A Basic Guide to Variegated Pothos Plants

A Basic Guide to Variegated Pothos Plants

One of the most unique plants around is variegated pothos. True to their name, they sport varied colors and patterns, setting them apart from other well-known indoor house plants.

Now, the reason for their high degree of color difference is a genetic anomaly that makes them produce less chlorophyll, which is the pigment responsible for giving plants their green color.

If you want to know more about the striking variegated pothos—their patterns, popular types, and how to care for them—we did the research work for you!

About Variegated Pothos

Variegated pothos has unusual leaf colors like white, silver, and gold. These plants have adjacent cells of more than one genotype, and that causes this phenomenon.
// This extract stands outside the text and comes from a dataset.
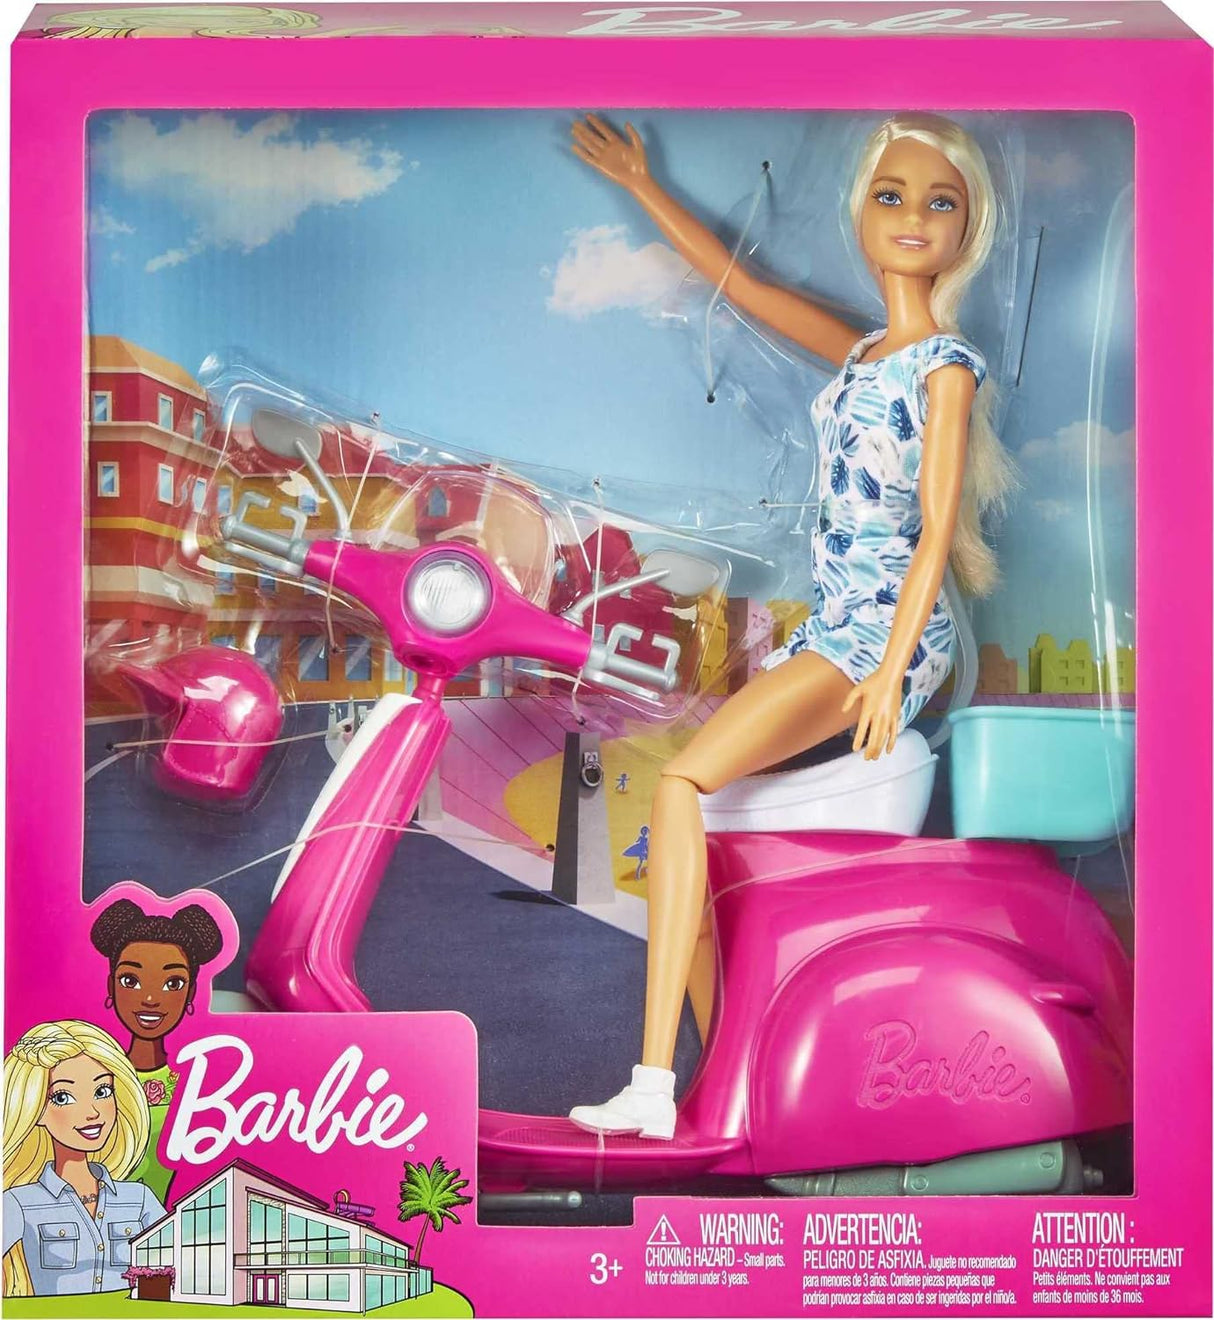 Barbie & Scooter

This phenomenon is called “chimeral variegation,” which is unstable and unpredictable. Therefore, a gardener won’t know what their leaves will look like before they sprout.

This genetic mutation or “deformity” is what makes these plants highly sought after by plant enthusiasts or customers.

Because one cannot control these mutations, it’s impossible to create variegated pothos with your desired color and pattern. Also, no gardening technique can make them produce flowers.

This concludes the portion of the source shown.